Streamlining Document Search with AWS Comprehend and Elasticsearch 6.0

How to automatically extract metadata from documents? How to index them and perform fast searches? In this post, we are going to see how to automatically extract metadata from a document using Amazon AWS Comprehend and Elasticsearch 6.0 for fast search and analysis.

This architecture we present improves the search and automatic classification of documents (using the metadata) for your organization.

Using the automatically extracted metadata you can search for documents and find what you need.

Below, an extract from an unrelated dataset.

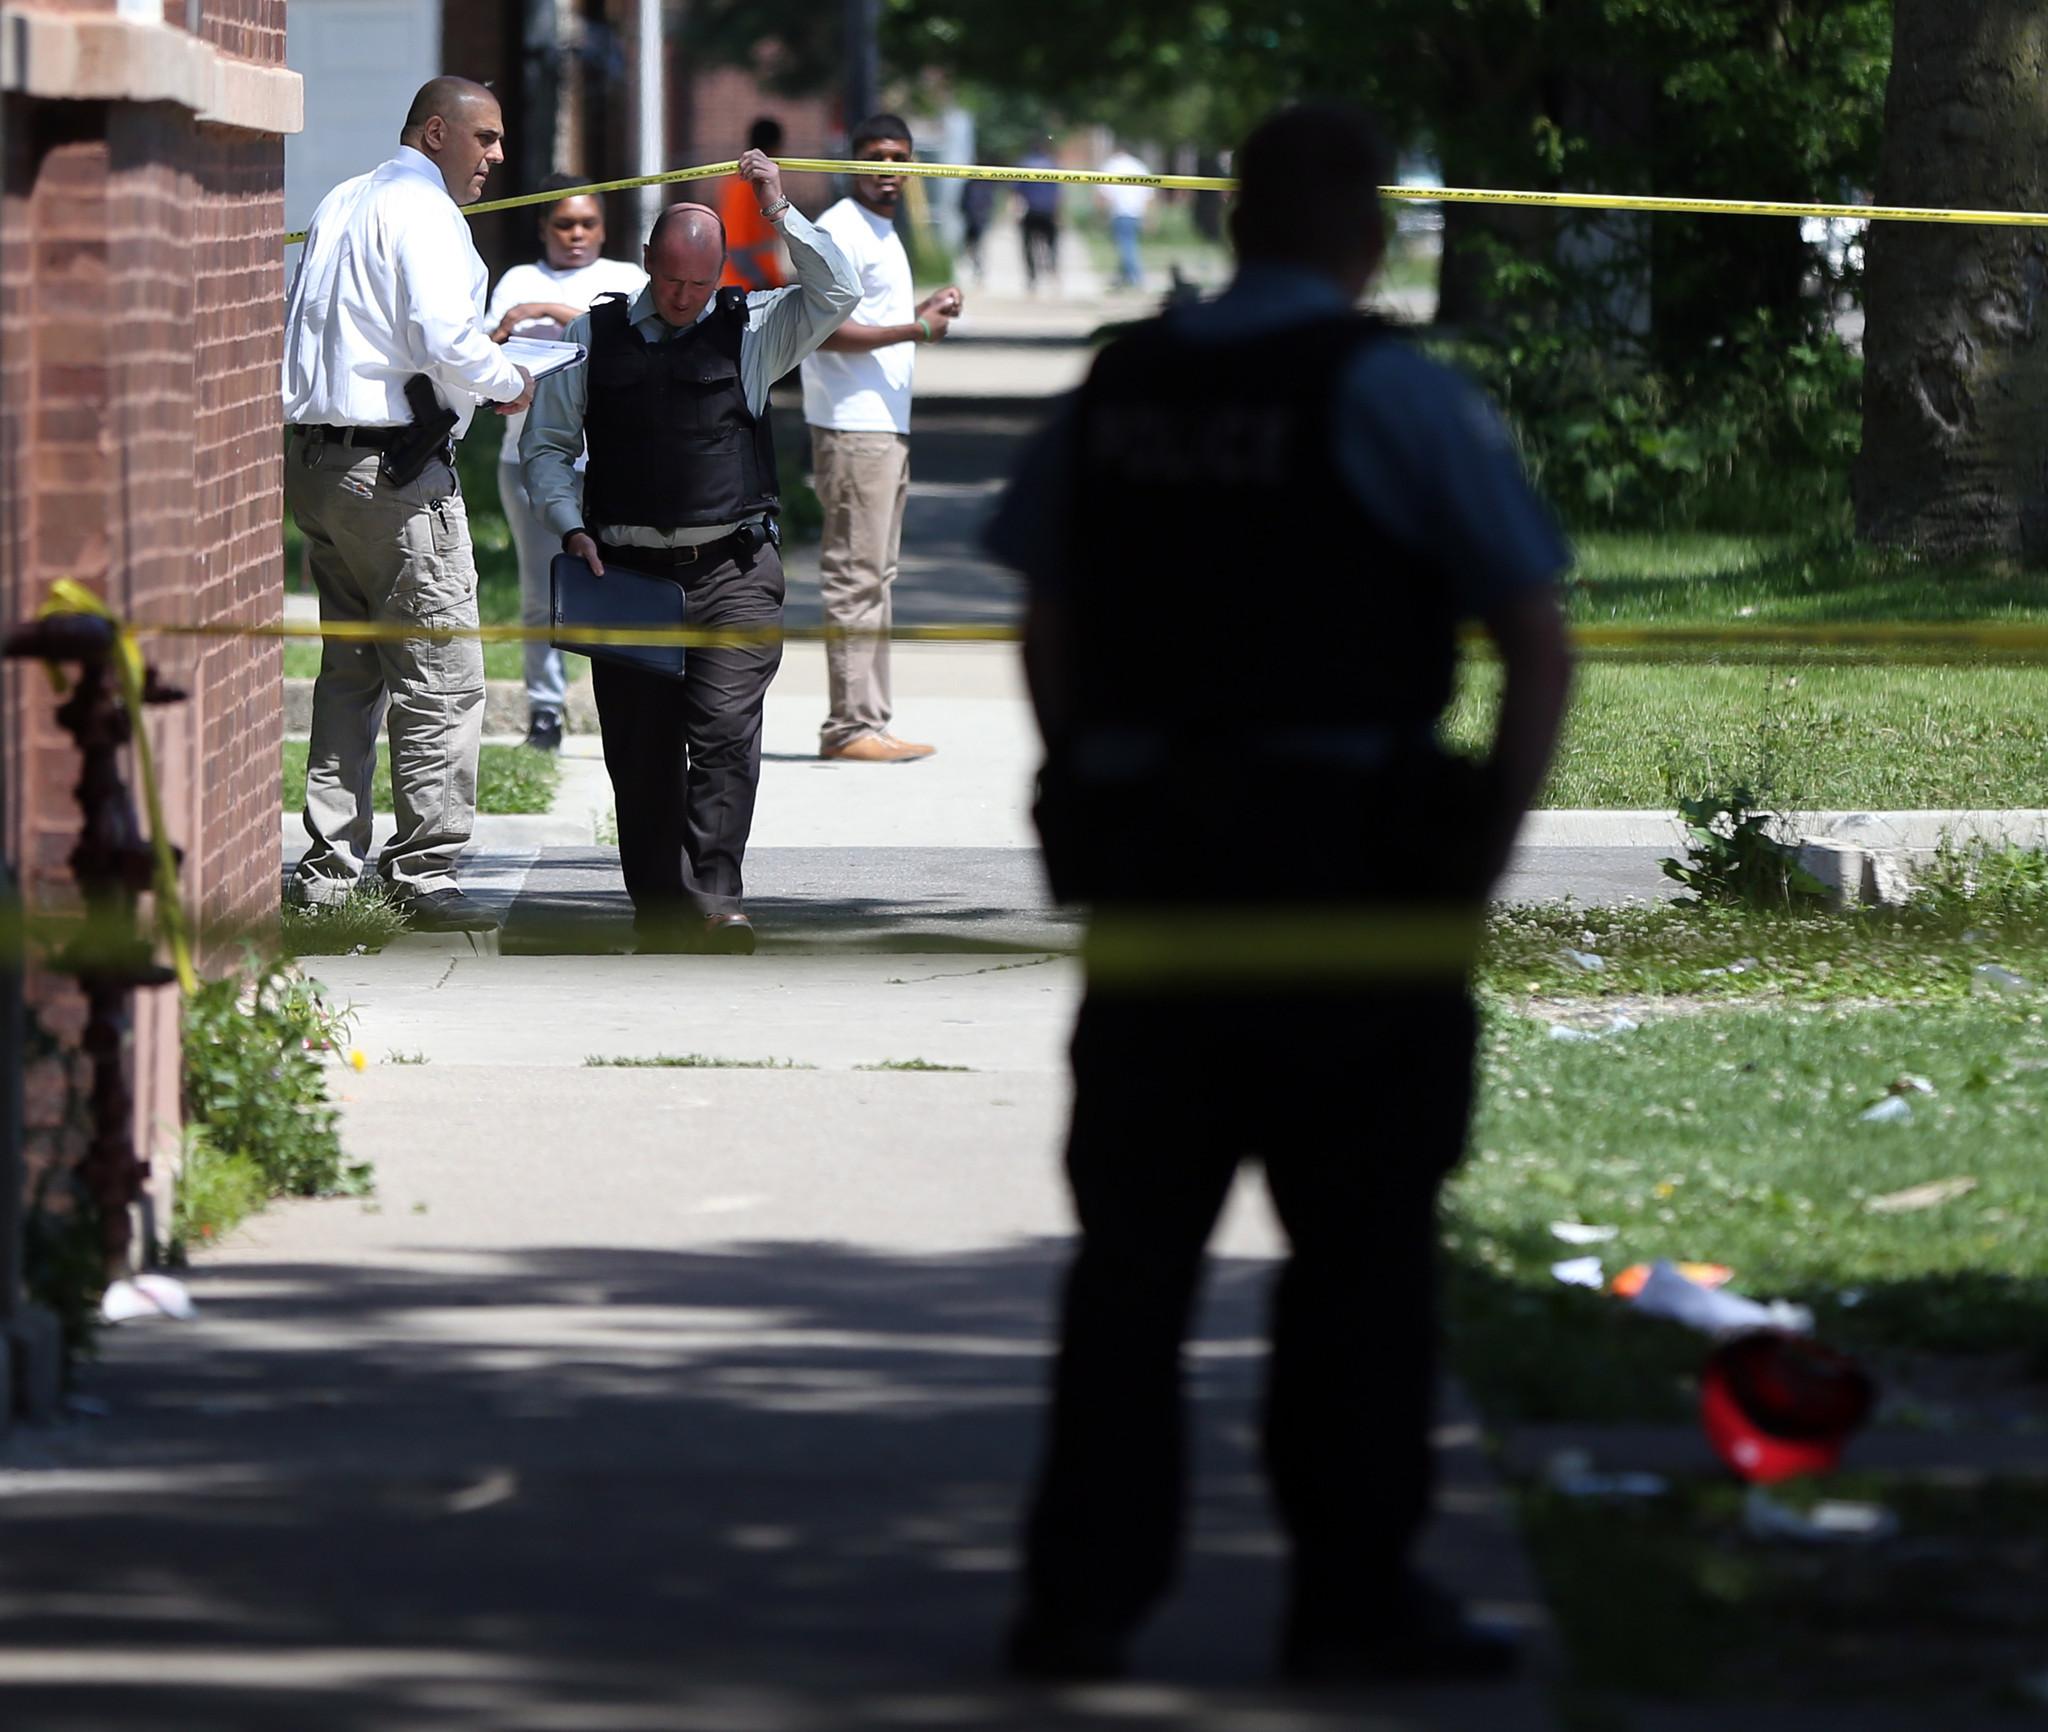 Leaderless Chicago Street Gangs Vex Police Efforts To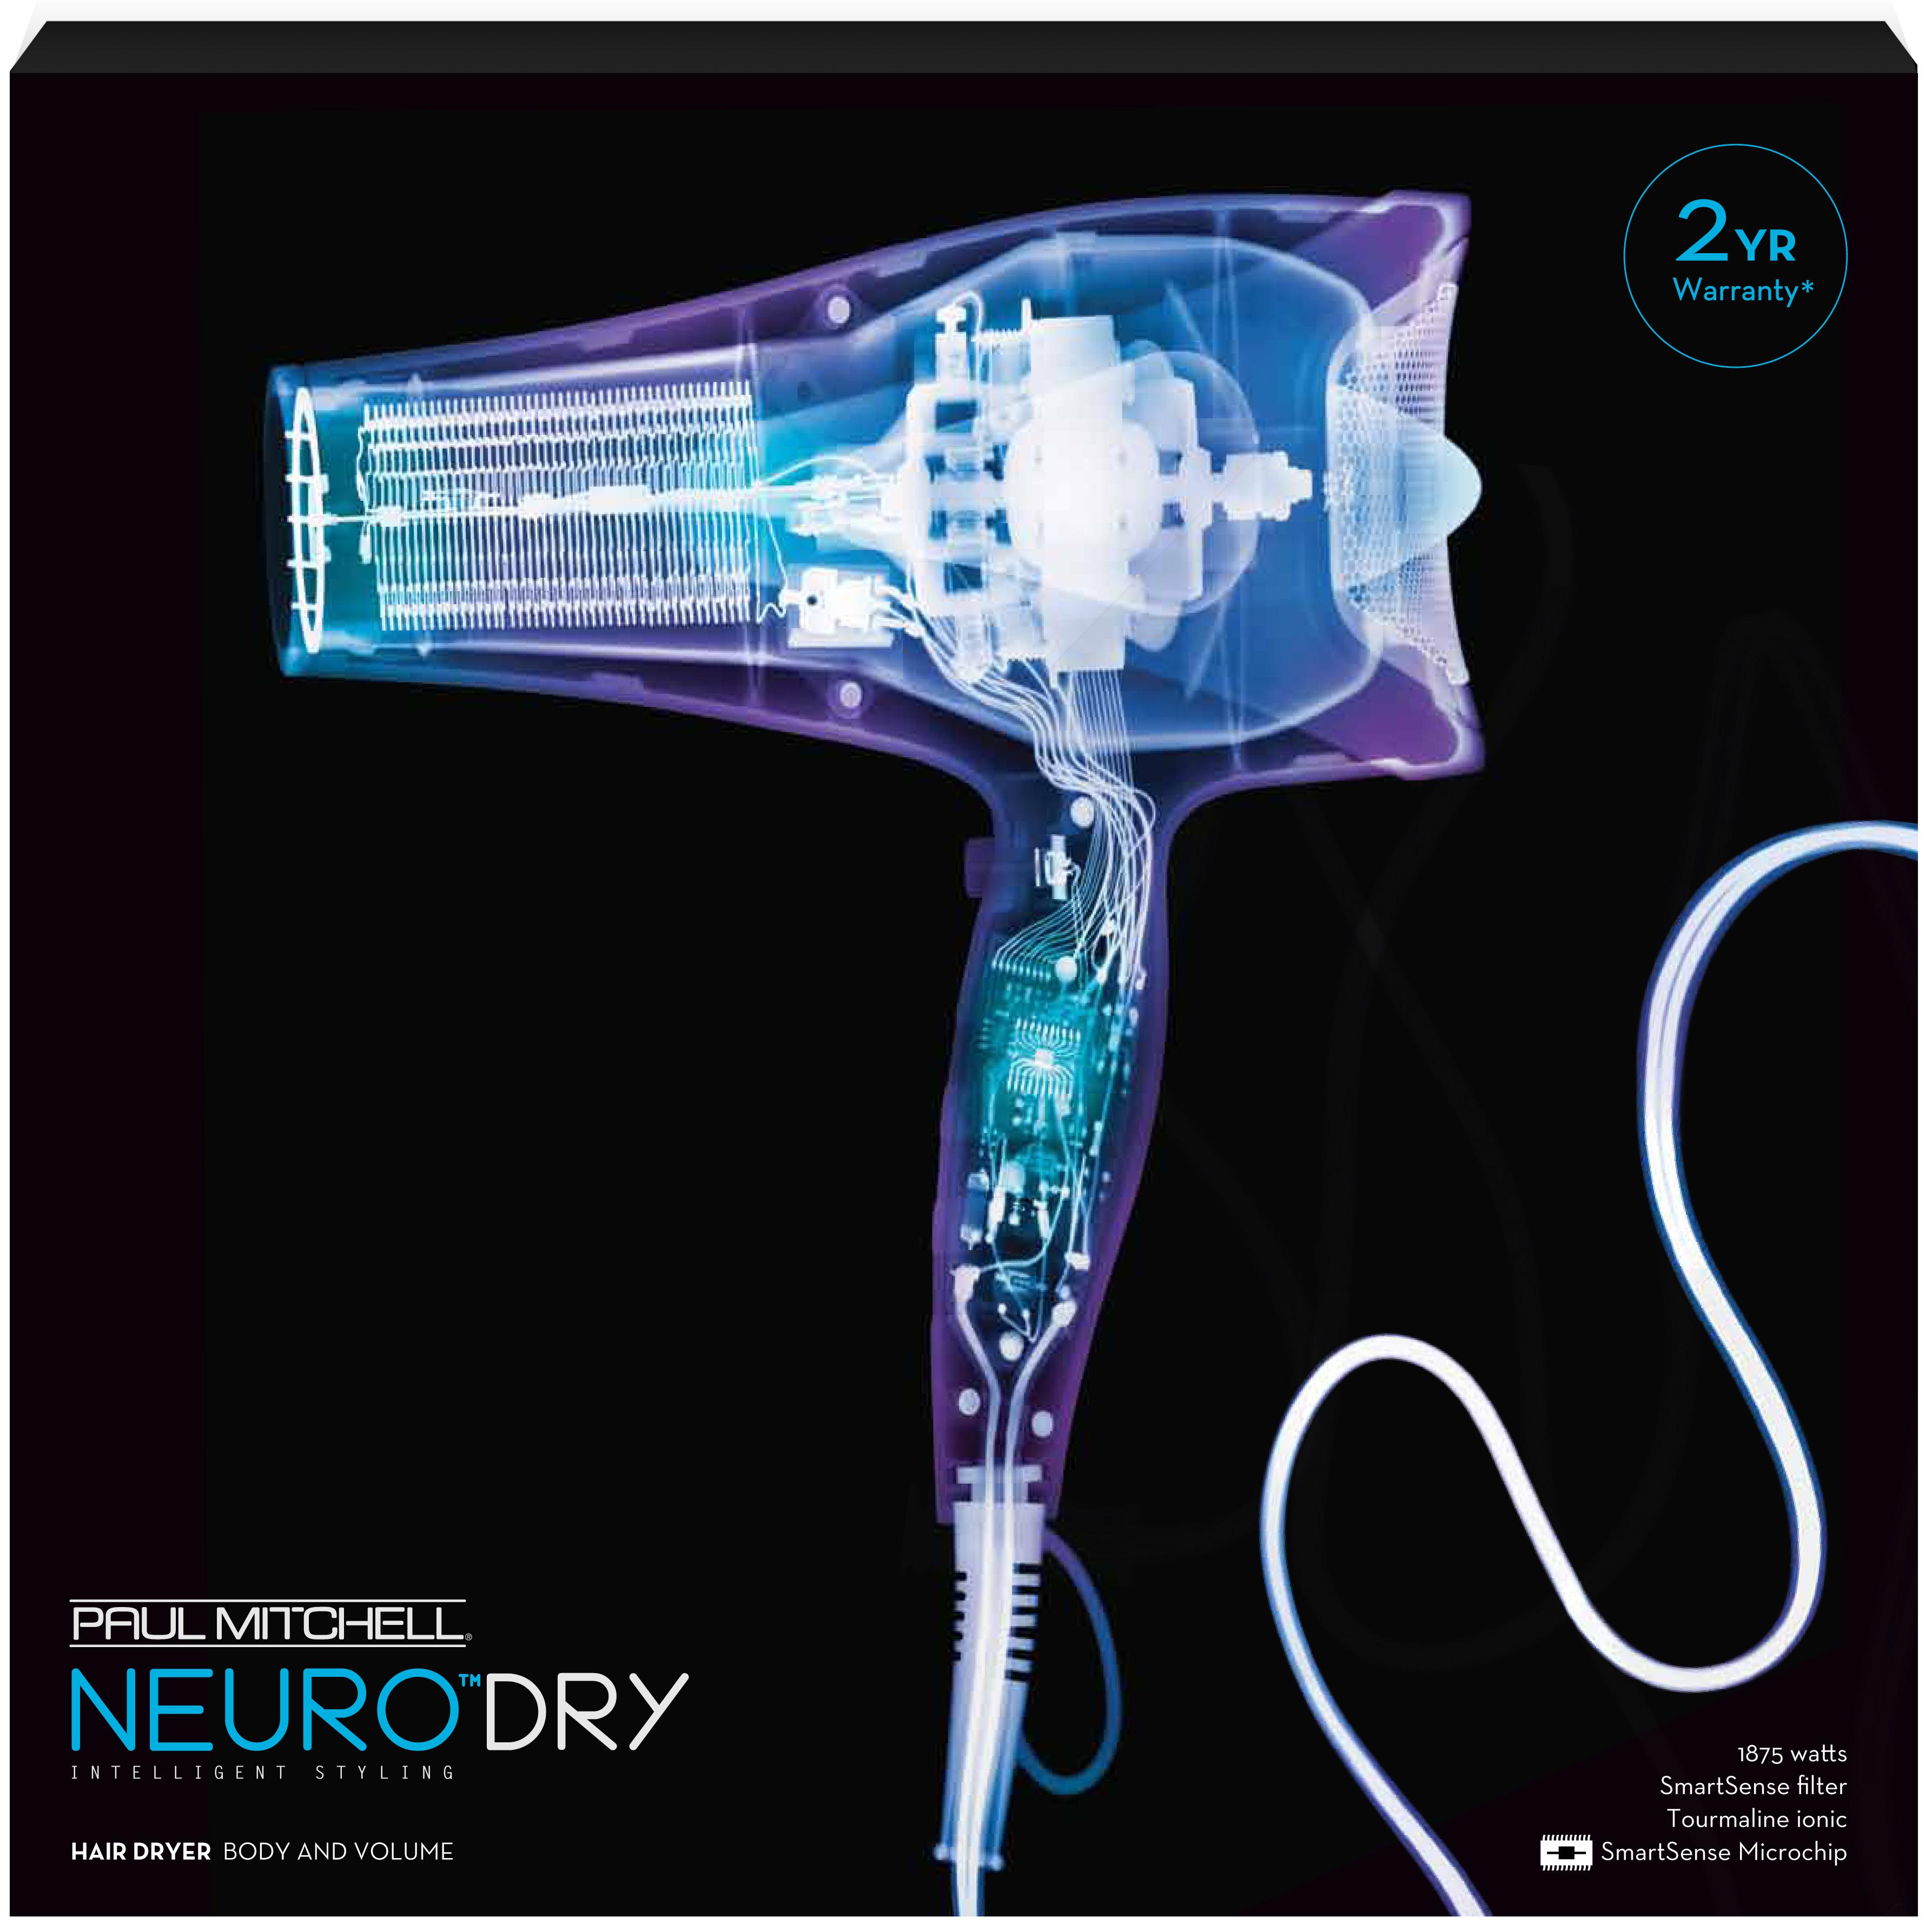 NEURO® DRY PROFESSIONELLER FÖHN

We are going to use the following components:

 

Architecture

 

AWS Comprehend and Elasticsearch

Example of applications:

  • Voice of customer analytics: You can use Amazon Comprehend to analyze customer interactions in the form of documents, support emails, online comments, etc., and discover what factors drive the most positive and negative experiences. You can then use these insights to improve your products and services.
  • Semantic search: You can use Amazon Comprehend to provide a better search experience by enabling your search engine to index key phrases, entities, and sentiment. This enables you to focus the search on the intent and the context of the articles instead of basic keywords.
  • Knowledge management and discovery: You can use Amazon Comprehend to organize and categorize your documents by topic for easier discovery, and then personalize content recommendations for readers by recommending other articles related to the same topic.

When we talk about metadata, I like the following definition:

Metadata summarizes basic information about data, which can make finding and working with particular instances of data easier. For example, author, date created and date modified and file size are examples of very basic document metadata. Having the ability to filter through that metadata makes it much easier for someone to locate a specific document.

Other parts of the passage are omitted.